Dopo un periodo che può variare da uno a quattro mesi, nei pazienti si
possono notare cambiamenti in vari aspetti; infatti normalmente viene
abbandonata quella attitudine passiva verso di sé che considerava estranei i
sintomi lamentati, attribuendone la causa a qualcosa esterno e incontrollabile,
e viene gradualmente guadagnata una attitudine attiva nella quale il paziente si
riappropria della responsabilità dei sintomi riconoscendo in sé la loro origine.
Forte di tale nuova consapevolezza stabilizzatasi, il terapeuta può allargare il
fuoco di comprensione del lavoro esploratorio non solo approfondendo
l'analisi delle esperienze discrepanti ma ricostruendone con il paziente i
collegamenti e le implicazioni di queste; su di un altro fronte saranno sempre
più disponibili e chiari i processi di elaborazione di aspettative e convinzioni
che si vanno strutturando nei processi di autoriferimento e autonarrazione
espliciti.
Terminato il periodo che va da quattro o otto mesi dall'inizio della
terapia, il paziente può vantare una apprezzabile trasformazione del proprio
punto di vista di sé stesso avvenuto, da una parte, grazie a una maggior
conoscenza delle proprie regole tacite di funzionamento e, dall’altra, col
graduale smantellamento dei meccanismi di autoinganno che mantenevano un
coerenza rigida e ristretta; con le parole di Guidano: "Questo cambiamento del
punto di vista su di sé porta a un riordinamento dell'esperienza immediata che
corrisponde a un primo livello di ristrutturazione della gamma di emozioni
percepibili: il paziente può riconoscere e riferire a sé stesso tonalità emotive
prime trascurate o escluse della coscienza e, nello stesso tempo, è in grado di
avvertire sfumature e sfaccettature, prime del tutto ignorate, di queste
tonalità"(Guidano, 1992).

5.2.3 Ricostruzione dello stile affettivo

Un'altra conquista della fase precedente dà la possibilità di aprire nuove


zone d’indagine, infatti il paziente, dopo la prima fase, diventa sempre più
cosciente della stretta correlazione tra andamento delle relazioni affettive e
l'emergere di emozioni discrepanti; tale comprensione sarà pertanto oggetto di
analisi e approfondimento nella seconda fase della terapia che coprirà un
periodo di un minimo di tre a un massimo di sei mesi.
Se la relazione affettiva diventa il fuoco di lavoro è importante che il
terapeuta cominci questa nuova fase del processo riformulando il problema
originario sottolineando come tale sbilanciamento emotivo (capace di produrre
sintomatologia psichica) sia stato innescato dalle modificazione
dell'immagine di una persona significativa (genitore o partner).

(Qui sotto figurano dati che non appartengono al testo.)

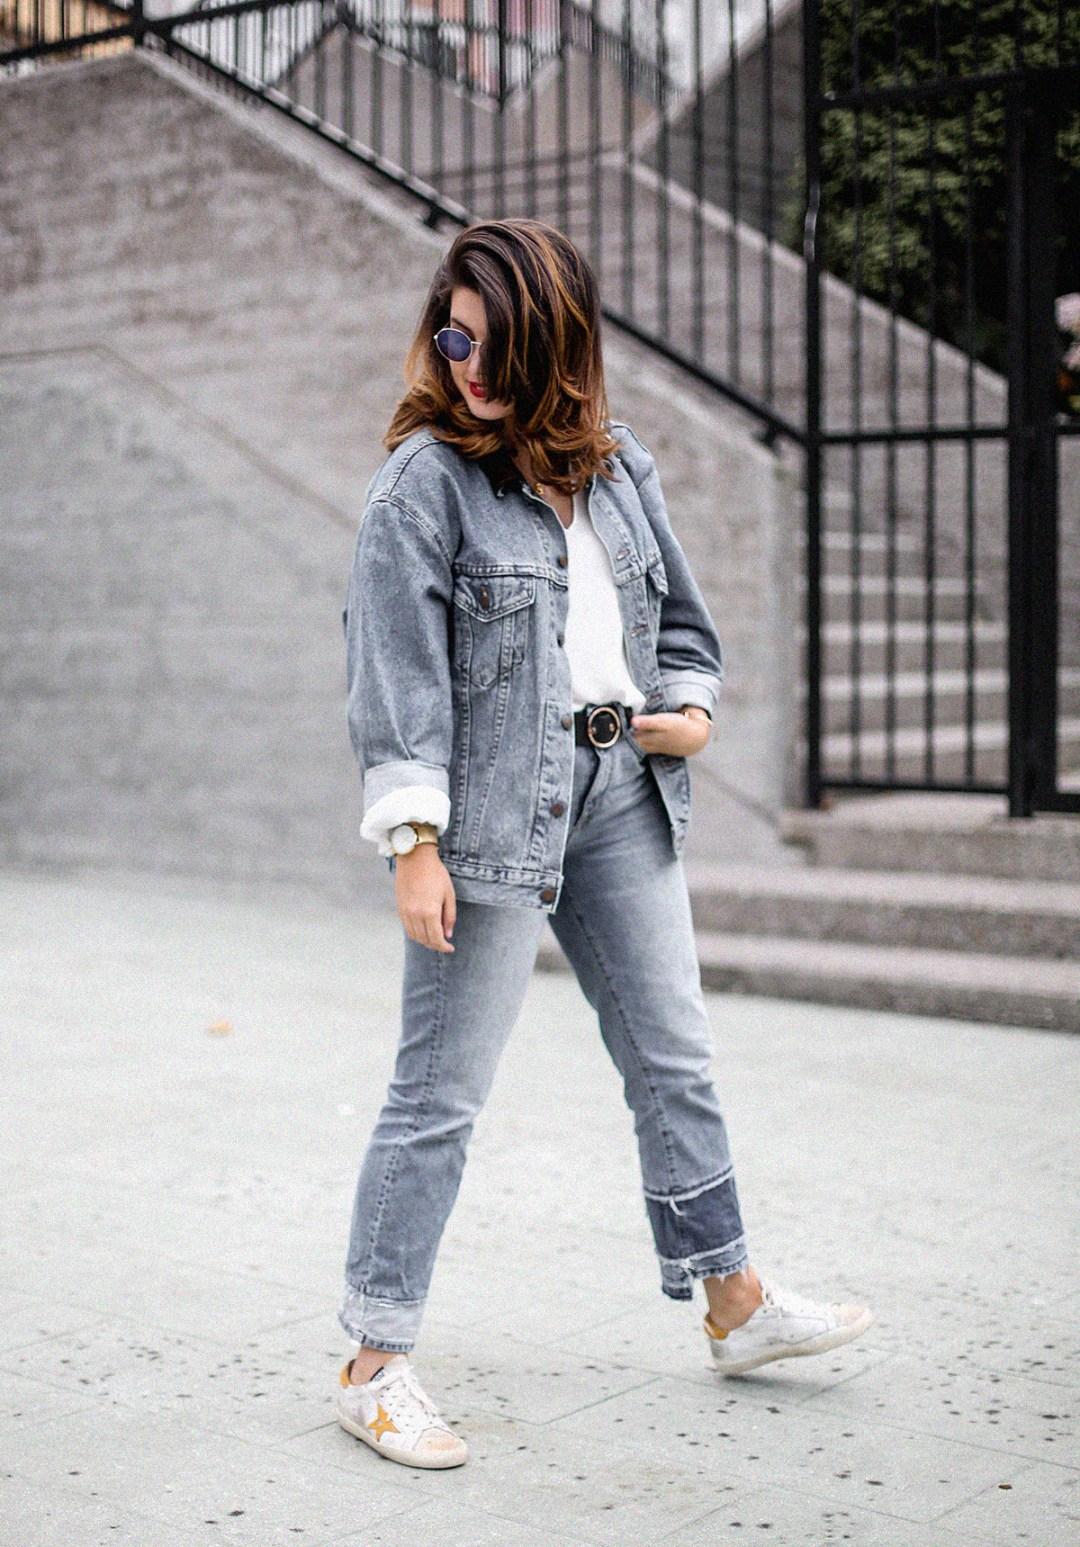 double-denim-look-vintage-jacket-levis-golden-goose-sneakers-outfit13
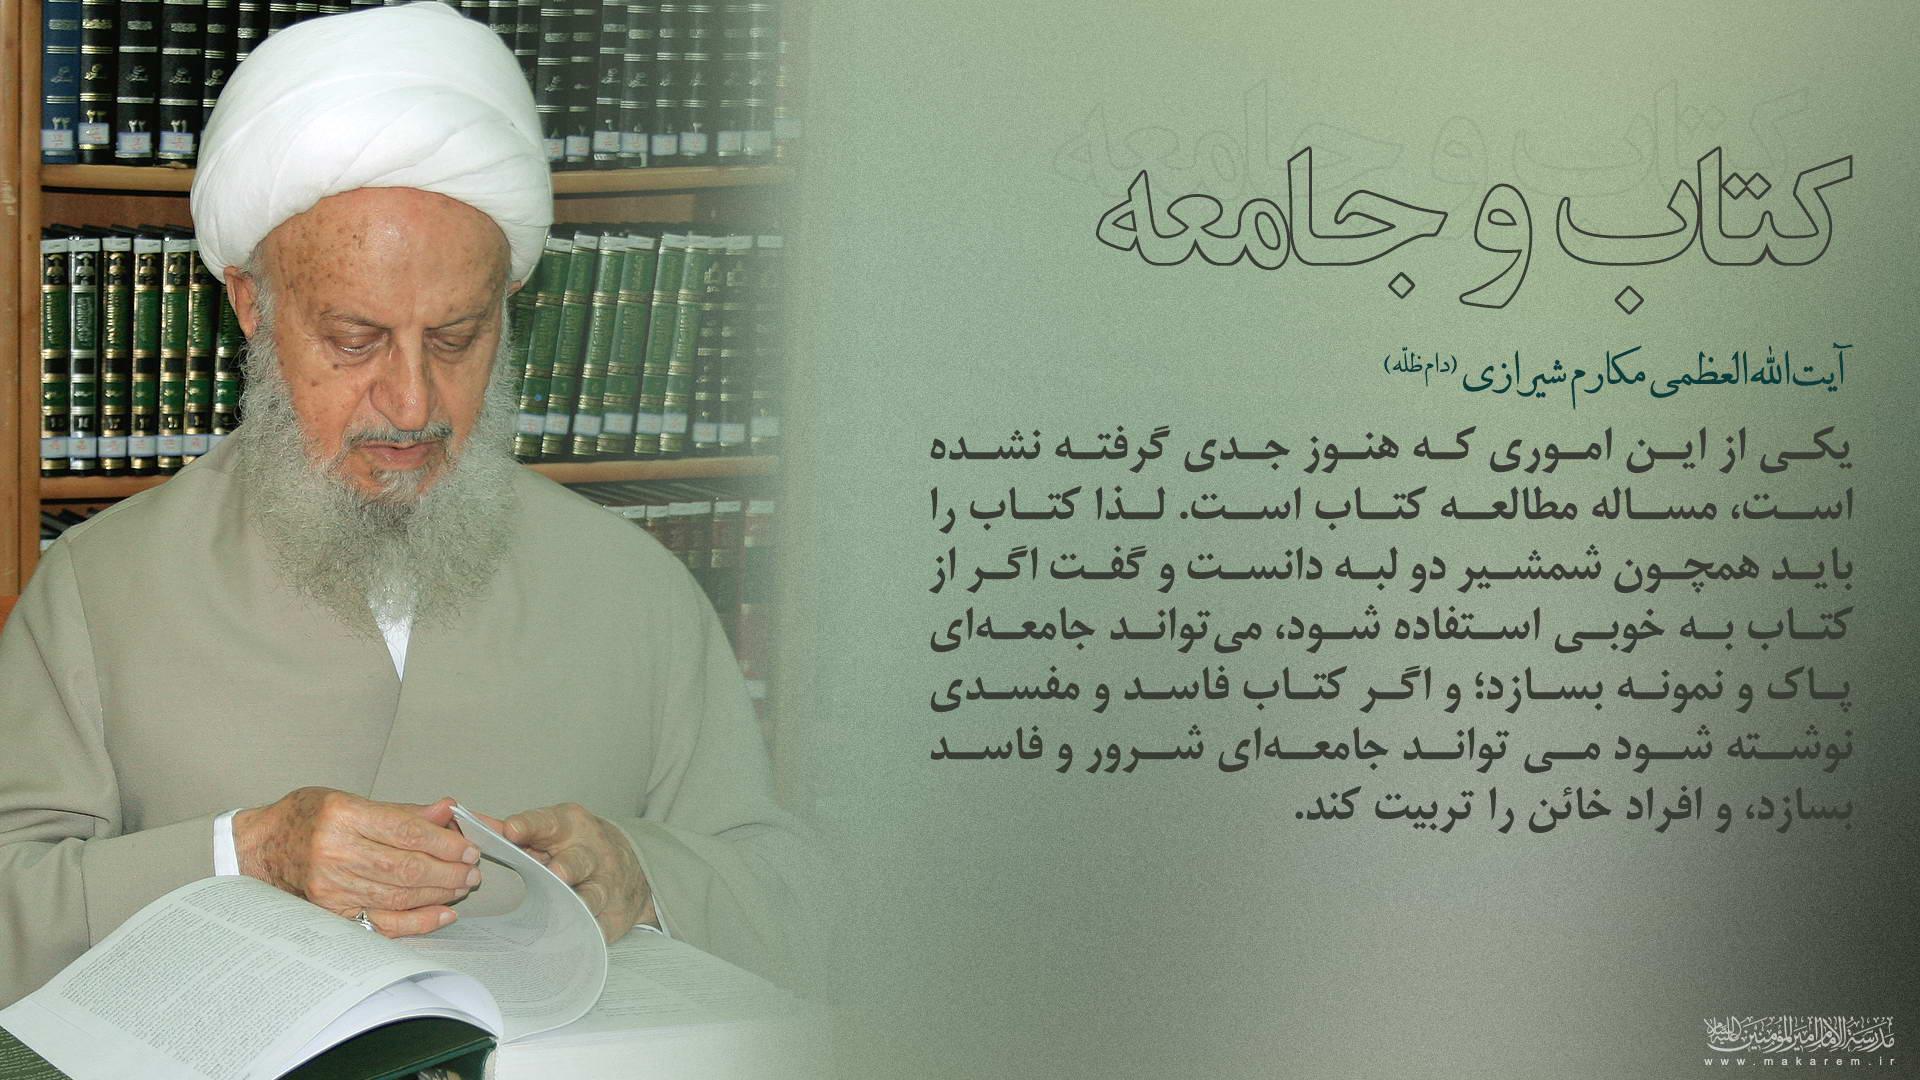 کتاب و جامعه-مدرسه الامام امیر المومنین (ع)

Come indica
Guidano infatti: "L'immagine di una figura di attaccamento, attraverso la
coordinazione intermodale di moduli senso-motori-affettivi, dà luogo a un
qualità dell'esperienza immediata ("Io") specificatamente avvertita e
riconosciuta come il proprio Sé reale ("Me").(Guidano, 1992). Ne consegue
che al cambiare l'immagine della figura d'attaccamento (per esempio durante
la relativizzazione adolescenziale, vedi sopra cap. III e IV) si crea una
discontinuità nel pattern di esperienza immediata in corso che a sua volta
attiva un risposta psicofisiologica avvertita come pericolosa per l'immagine
cosciente e l'integrità del Sé; il sistema in tali condizioni si difenderà
strutturando un coerenza rigida e ristretta (esclusione selettiva di informazioni
e meccanismi di autoinganno) che sfocerà in un quadro clinico.
Sulla base di tale dinamica il paziente verrà aiutato a ripercorrere,
dall'origine, lo sviluppo del sua problematica prestando particolare attenzione
alla connessione tra questa e l'andamento della relazione affettiva al momento
dell’apparizione della sintomatologia; avanzando in questa analisi, apparirà
chiaro al paziente come, da una parte, lo strutturarsi delle propria coerenza
sistemica sia in stretta connessione con il costruire un'immagine dell'altro
significativo che possa dare continuità al senso di sé e, dall’altra, con quali
meccanismi cerca di gestire le eventuali discrepanze che si verificano.
L'analisi dello stile affettiva sarà pertanto l'obbiettivo di questa seconda
fase del processo terapeutico e sarà condotta sviluppando i seguenti aspetti
(Guidano,1992):

Variabili (contesto di sviluppo, atteggiamenti personali, ambienti sociali)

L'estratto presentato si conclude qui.